• [EXERCISE]: Lines below starting with the line with "Suitcase with Qatar" and going on through the line with "All Lace Oscar" must be output exactly; the rest of the records must be left out.
━━━━━ RECORDS PROVIDED ━━━━━
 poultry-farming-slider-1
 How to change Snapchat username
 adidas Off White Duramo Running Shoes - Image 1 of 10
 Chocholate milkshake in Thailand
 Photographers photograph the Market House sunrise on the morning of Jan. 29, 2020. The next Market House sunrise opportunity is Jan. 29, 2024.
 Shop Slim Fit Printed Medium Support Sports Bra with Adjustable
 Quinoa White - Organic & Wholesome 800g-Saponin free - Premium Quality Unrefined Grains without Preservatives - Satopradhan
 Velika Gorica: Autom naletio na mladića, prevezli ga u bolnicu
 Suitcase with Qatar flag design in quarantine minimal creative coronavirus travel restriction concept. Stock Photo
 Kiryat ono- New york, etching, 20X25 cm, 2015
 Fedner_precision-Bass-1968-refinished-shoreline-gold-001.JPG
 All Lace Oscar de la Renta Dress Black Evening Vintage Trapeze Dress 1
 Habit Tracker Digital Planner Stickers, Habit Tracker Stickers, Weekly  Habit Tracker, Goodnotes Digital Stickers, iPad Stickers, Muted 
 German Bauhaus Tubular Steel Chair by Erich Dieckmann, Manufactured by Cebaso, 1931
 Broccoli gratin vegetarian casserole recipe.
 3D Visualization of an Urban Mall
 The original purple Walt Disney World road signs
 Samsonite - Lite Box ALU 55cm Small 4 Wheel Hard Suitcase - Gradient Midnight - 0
━━━━━
• [OUTPUT OF THE TASK]:
 Suitcase with Qatar flag design in quarantine minimal creative coronavirus travel restriction concept. Stock Photo
 Kiryat ono- New york, etching, 20X25 cm, 2015
 Fedner_precision-Bass-1968-refinished-shoreline-gold-001.JPG
 All Lace Oscar de la Renta Dress Black Evening Vintage Trapeze Dress 1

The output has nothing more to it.